Социальные контакты между разными слоями населения здесь невозможны, что заставляет требовать если не уважения к идеалистическому принципу, согласно которому все люди рождаются равными, то уж хотя бы предоставления людям шанса чего-то достичь, если они прикладывают к этому усилия и усердно трудятся. Мне вспоминается телевизионное интервью с бразильской актрисой — она шокировала зрителей, сообщив, что, живя в Нью-Йорке, обходилась без уборщицы.

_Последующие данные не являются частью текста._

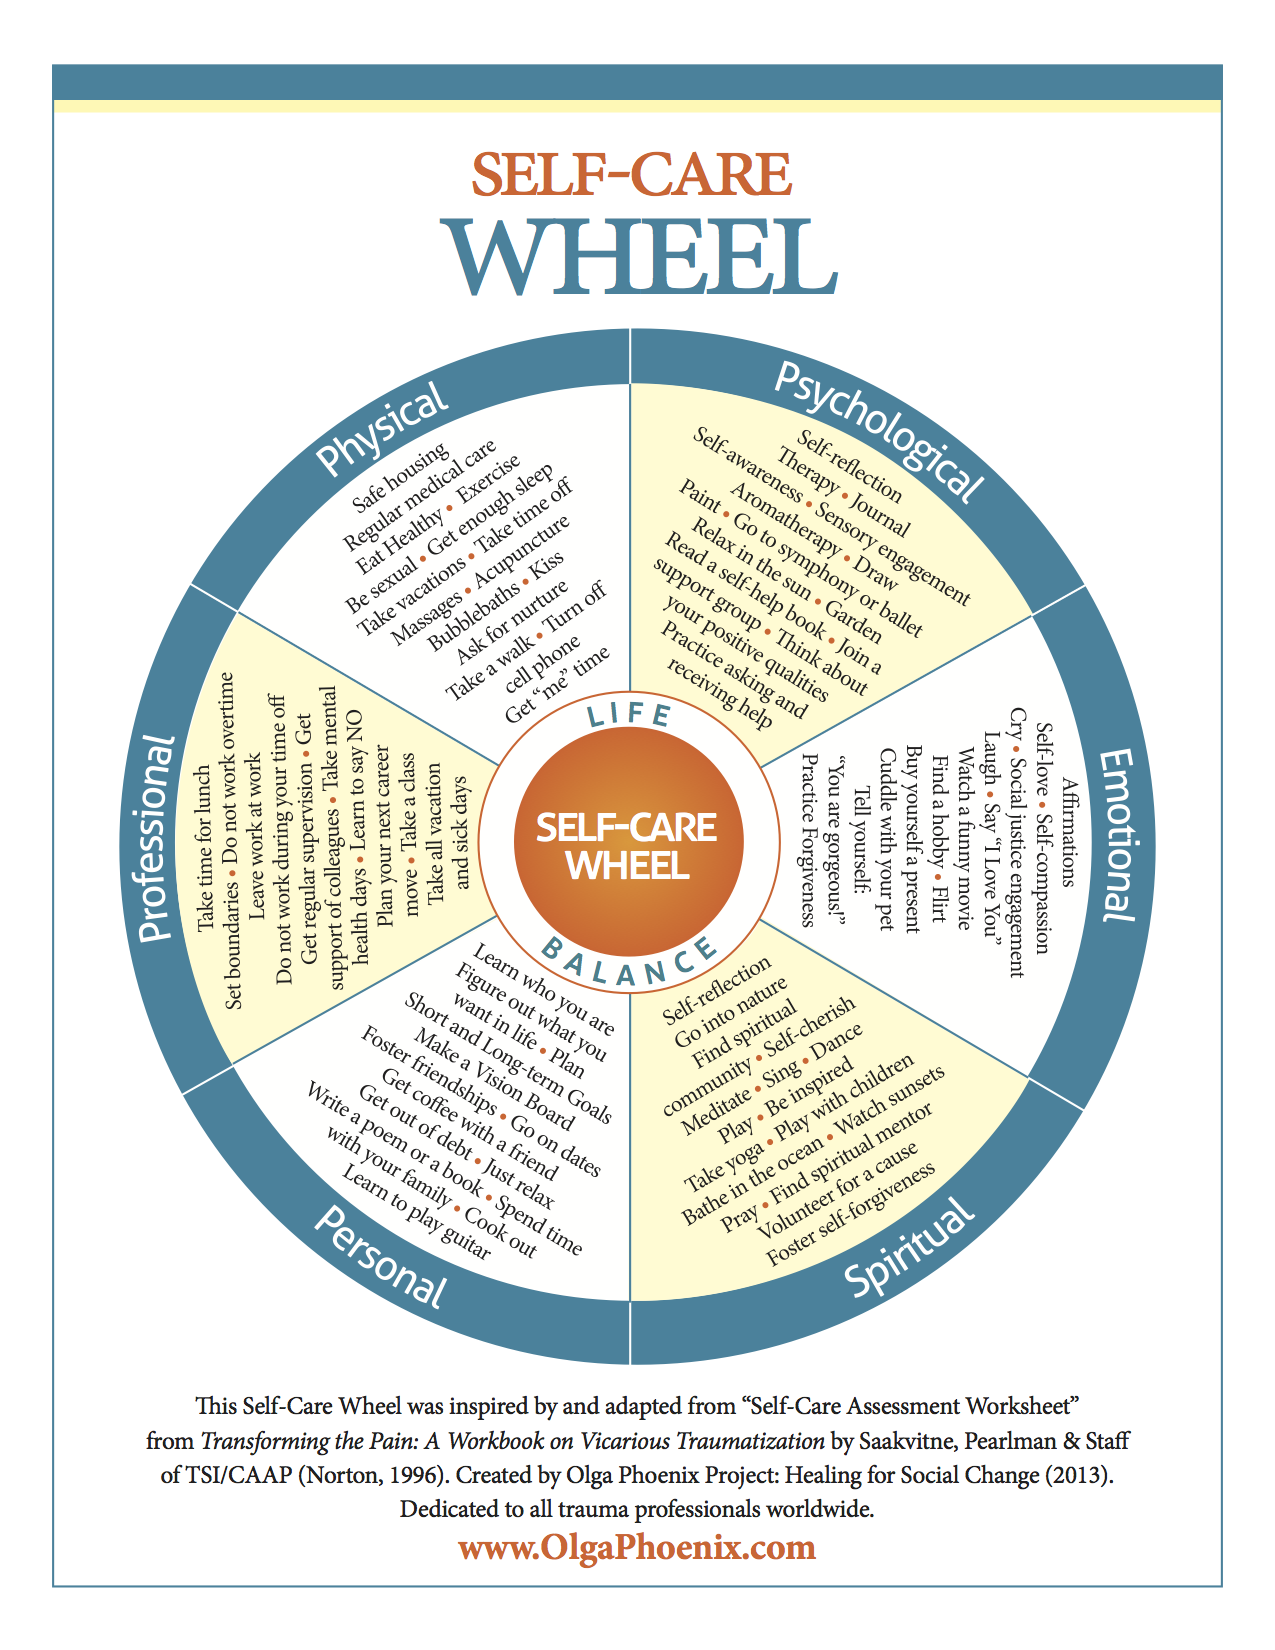 Self-care wheel image

Журналистка рот раскрыла от изумления и ужаса при мысли, что актриса своими руками подметала полы в своей собственной квартире.
— Но почему, дорогая?
— Я не могла себе этого позволить, — пожала плечами артистка. — В Америке труд уборщиц весьма высоко оплачивается.
Всем кариокам, богатым и бедным, свойственна этакая роскошная праздность, когда дело касается труда и производительности. Качество обслуживания в городе кошмарное, наличия коррупции никто не признает, а люди постоянно жалуются, что их прислуга ворует. Каждый мечтает получить теплое местечко на государственной службе, откуда их не уволят. Но трудолюбие и тягу к работе здесь не почитают за добродетель. «Как шикарно! — в восторге восклицал Густаво, когда я выходила на пляж. — Только очень шикарная женщина может отправиться на пляж во вторник утром!»
Труд в Рио-де-Жанейро устарел и вышел из моды — те, кто берется за работу, ждут, что их будут эксплуатировать, а тем, на кого собираются работать, эксплуатировать их вроде как полагается. Временами отношения между работниками и начальством балансируют на грани комедии или даже эротического садомазохистского фарса. Унижение, деградация, бесправие — самые популярные методы.
Но вернемся ко мне. Я боролась не только с перспективой полного обнищания, но и с реально настигшей меня относительной бедностью. Кьяра, поправив финансовые дела за счет доверительного фонда, вернулась в Рио с «полным баком» и обновленными радужными перспективами своей революционной деятельности, отец Карины предложил ей приобрести квартиру за его счет, а у Густаво была Каса Амарела и в придачу целый остров к югу от Рио, который он ласково называл «моя ферма». Новые туристы с невообразимыми банковскими счетами приезжали, чтобы поселиться на Руа Жоаким Муртину и некстати становились друзьями — Нико, с его пособием по безработице от щедрого правительства Франции, и Анна, еще одна итальянская иждивенка. Они, по тонкому определению, данному местными маландру, тратили dinheiro de primeiro viagem, то есть «деньги первой поездки», что намекало одновременно и на их щедрость, и на наивность. И только у меня одной не было никакого «фонда» в запасе, и только я одна продолжала жить абсолютно не по средствам.
Применив бразильский подход, я позвонила отцу и попыталась разнюхать, нельзя ли подступиться к немалым активам семьи Майкл — хотела понять, нельзя ли с пользой для меня сбыть хоть несколько голов кенгуру из тех миллионных стад, которыми я так прославилась здесь, под тенистыми кущами Санта-Терезы, — но из семейного лагеря не раздалось ни звука ободрения и поддержки. Решительно все, кого я знала, твердили, что хорошенького понемножку и мне уже давно пора вернуться домой, начать тратить по два часа в день на дорогу, трудиться — словом, жить в реальном мире, как все они. Нет, мой отец никогда не был рабом. За его плечами была вполне замечательная, нерегламентированная жизнь. Может, именно потому он так и волновался. Единственной из всех детей, казалось, удалось-таки добиться успеха в деловом мире, и вдруг она дает деру в Бразилию.
— Доверительный фонд? — скептически переспросил папа, когда я предложила свое видение выхода из сложившейся ситуации. — Да ты последний человек, которому я доверил бы хоть какой-то фонд.
Братец повел себя не лучше и не проявил никакого сочувствия.
— Ах-ах-ах, страсти какие, — передразнил он, услышав по телефону мои рыдания. — Приезжай-ка домой и работай, как все остальные, ленивая ты корова.
Сестра хотела помочь, но возможности ее были ограниченны.
— Могу одолжить тебе пару сотен.
— Пару сотен чего?
— Пару сотен долларов.
— Такой суммой мои счета не оплатить.
— Когда вернешься, можешь жить у меня, — с готовностью предложила она.
— Да не собираюсь я возвращаться! — взвизгнула я так, что даже сама удивилась силе взрыва.
— Да, я знаю. Но если надумаешь… ну, ты поняла… — уверила она.